● Instructions for the task
The whole listing needs retyping exactly; keep the pictures out of it.

● Data below
--------
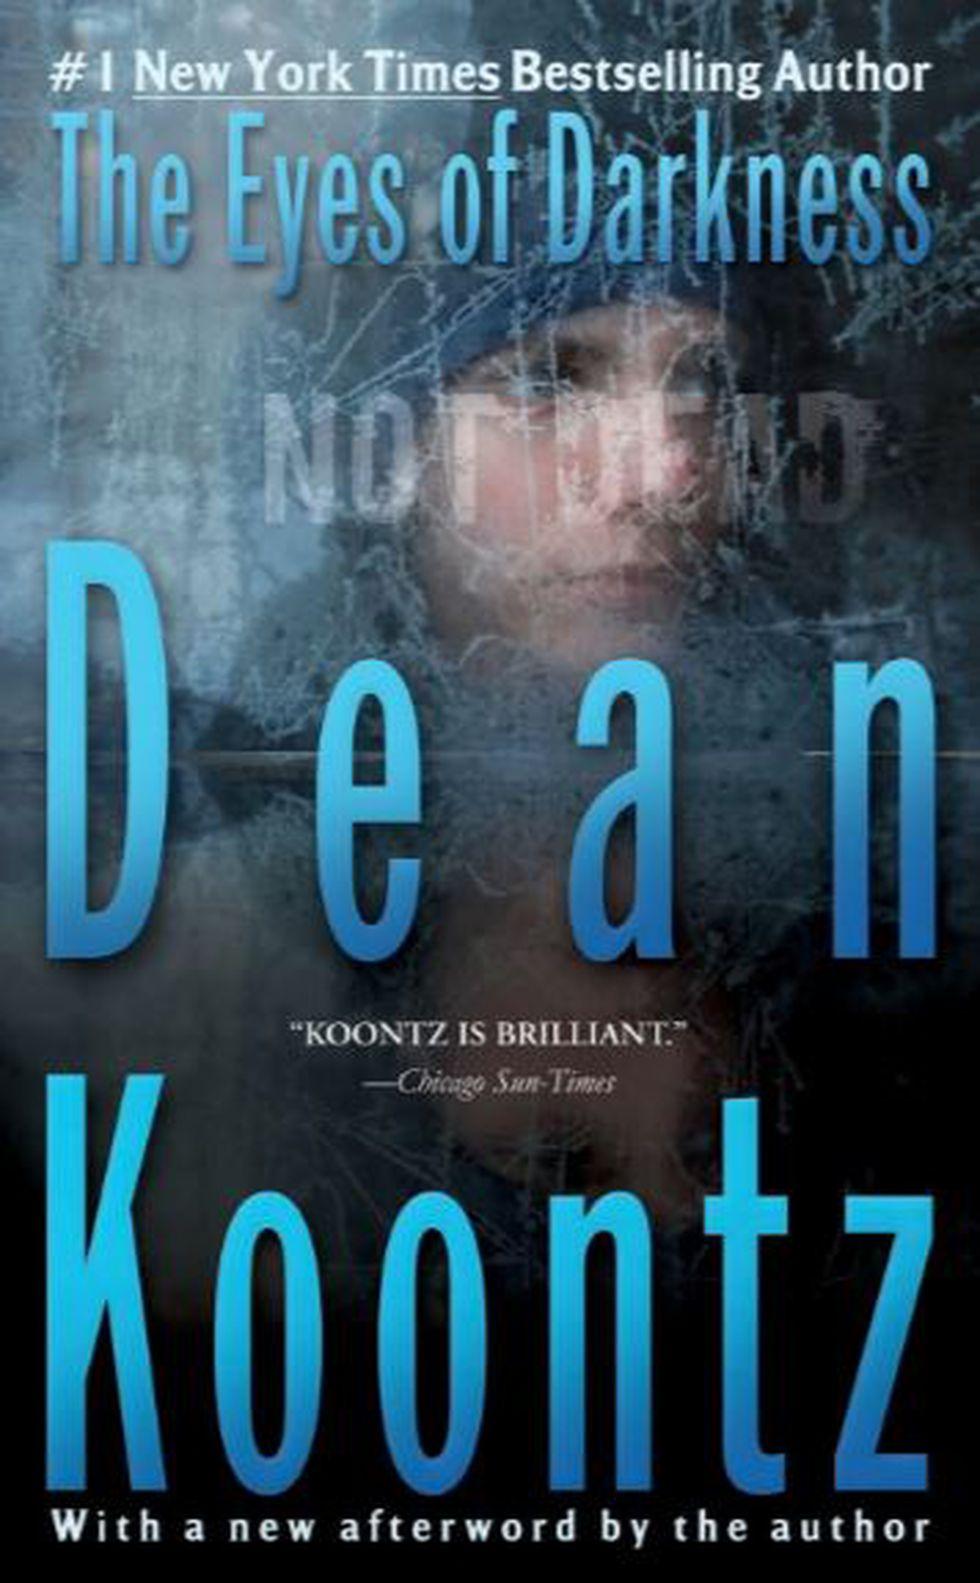 The Eyes of Darkness, el thriller de 1981 de Dean Koontz.
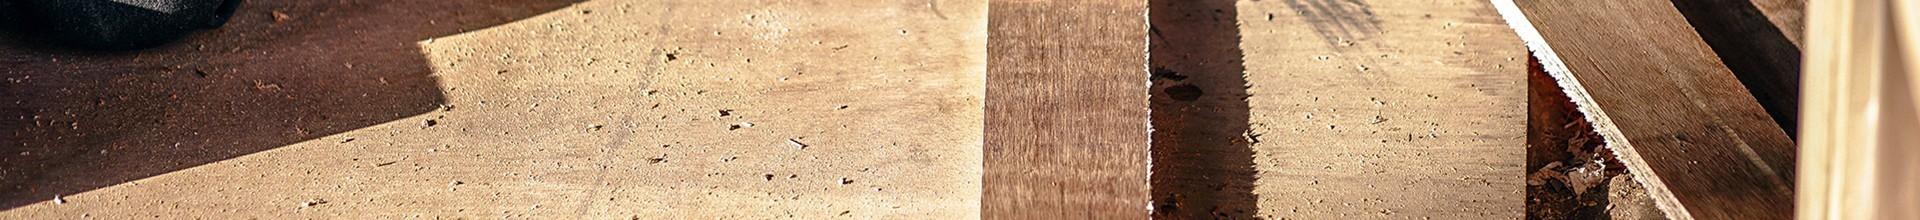 Puy-de-Dôme (63) Solution d'ouverture pour les petites pièces.
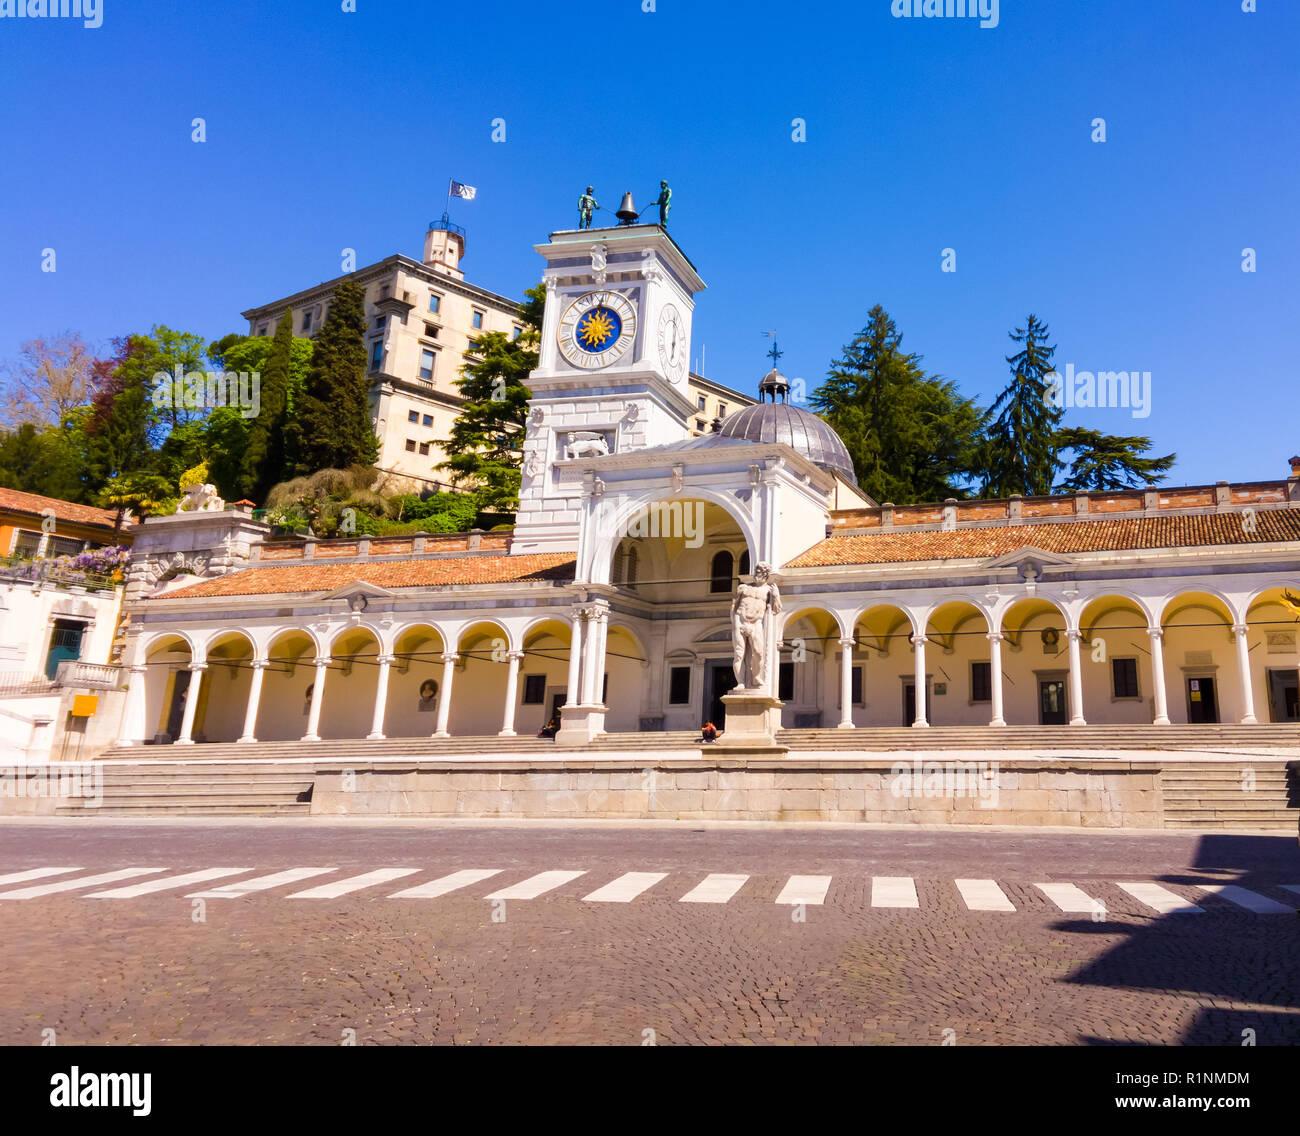 Clock tower and castle in Piazza Liberta, Udine, Friuli Venezia-Giulia, Italy - Stock Image
--------
● Exercise solution
 The Eyes of Darkness, el thriller de 1981 de Dean Koontz.
 Puy-de-Dôme (63) Solution d'ouverture pour les petites pièces.
 Clock tower and castle in Piazza Liberta, Udine, Friuli Venezia-Giulia, Italy - Stock Image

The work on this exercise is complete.